In Enderby’s brain ideas worked somewhat heavily; but to-day his slumberous strength was infused with a spirit of action and the warmth of a pervasive idea. There was no darkness in his thoughts, but his pulse beat heavily and he could hear the veins throbbing under his ear impetuously. Once or twice as he rode on in the declining afternoon he muttered to himself. Now it was: “My Lord Rippingdale, indeed!” or “Not even for a King!” or “Sir John Enderby, forsooth! Sir John Enderby, forsooth!” Once again he spoke, reining in his horse beside a tall cross at four corners, near Stickford by the East Fen. Taking off his hat he prayed:

“Thou just God, do Thou judge between my King and myself. Thou knowest that I have striven as an honest gentleman to do right before all men. When I have seen my sin, oh, Lord, I have repented! Now I have come upon perilous times, the gins are set for my feet. Oh, Lord, establish me in true strength! Not for my sake do I ask that Thou wilt be with me and Thy wisdom comfort me, but for the sake of my good children. Wilt Thou spare my life in these troubles until they be well formed; till the lad have the bones of a man, and the girl the wise thought of a woman—for she hath no mother to shield and teach her. And if this be a wrong prayer, my God, forgive it: for I am but a blundering squire, whose tongue tells lamely what his heart feels.”

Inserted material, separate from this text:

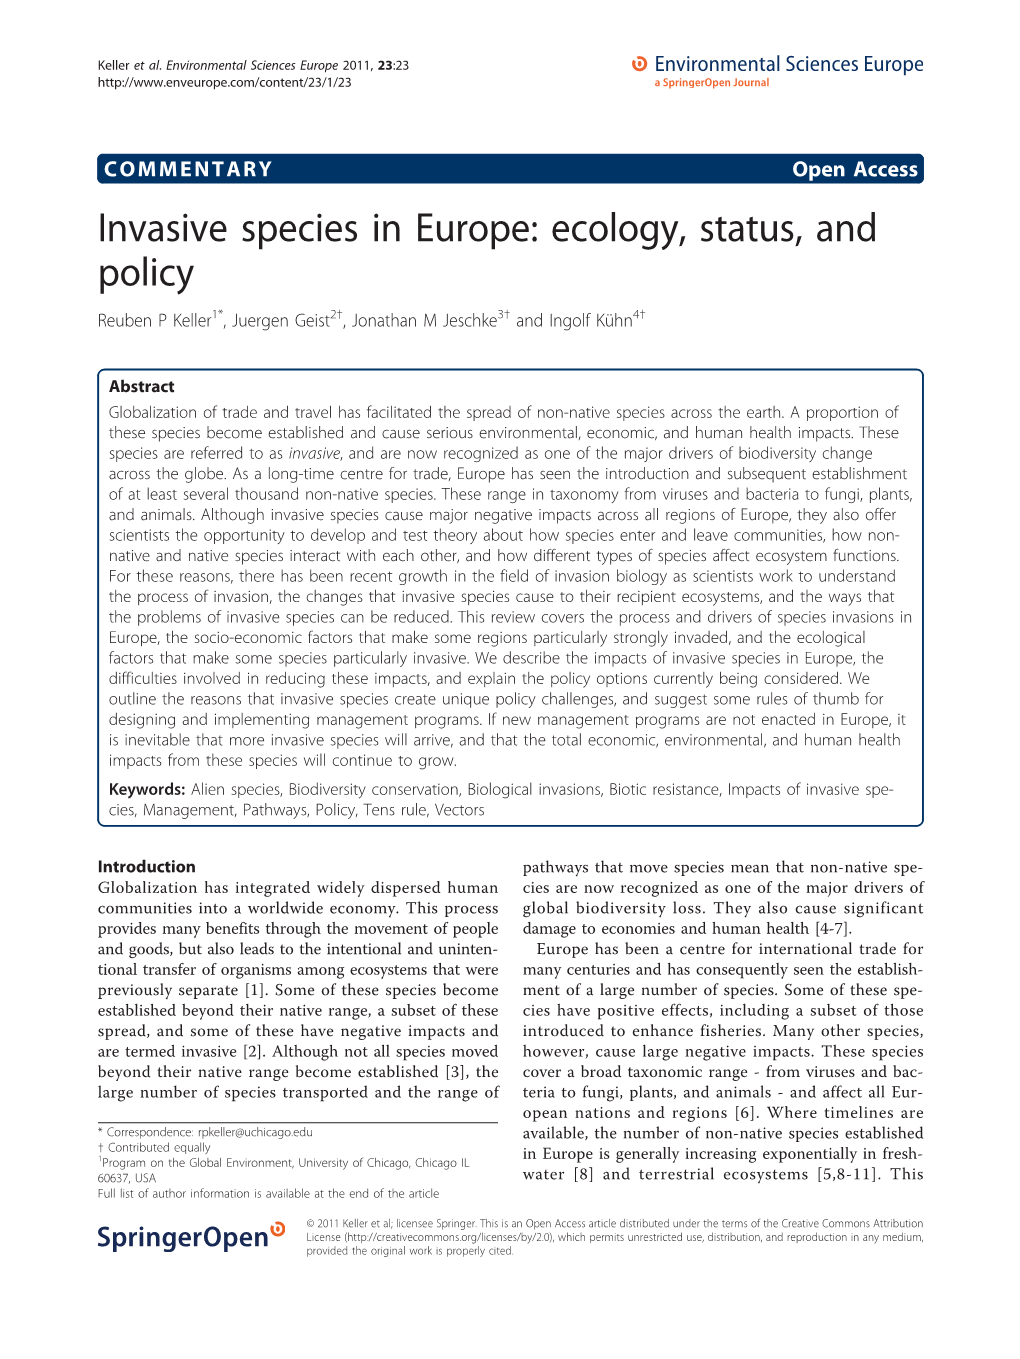 Invasive Species in Europe: Ecology, Status, and Policy Reuben P Keller1*, Juergen Geist2†, Jonathan M Jeschke3† and Ingolf Kühn4†

His head was bowed over his horse’s neck, his face turned to the cross, his eyes were shut, and he did not notice the strange and grotesque figure that suddenly appeared from among the low bushes by the fen near by.

It was an odd creature perched upon stilts; one of those persons called the stilt-walkers. They were no friends of the King, nor of the Earl of Lindsey, nor of my Lord Rippingdale, for the draining of these fens took from them their means of living. They were messengers, postmen and carriers across the wide stretch of country from Spilsby, even down to the river Witham, and from Boston Deep down to Market Deeping and over to the sea. Since these fens were drained one might travel from Market Deeping to the Wolds without wetting a foot.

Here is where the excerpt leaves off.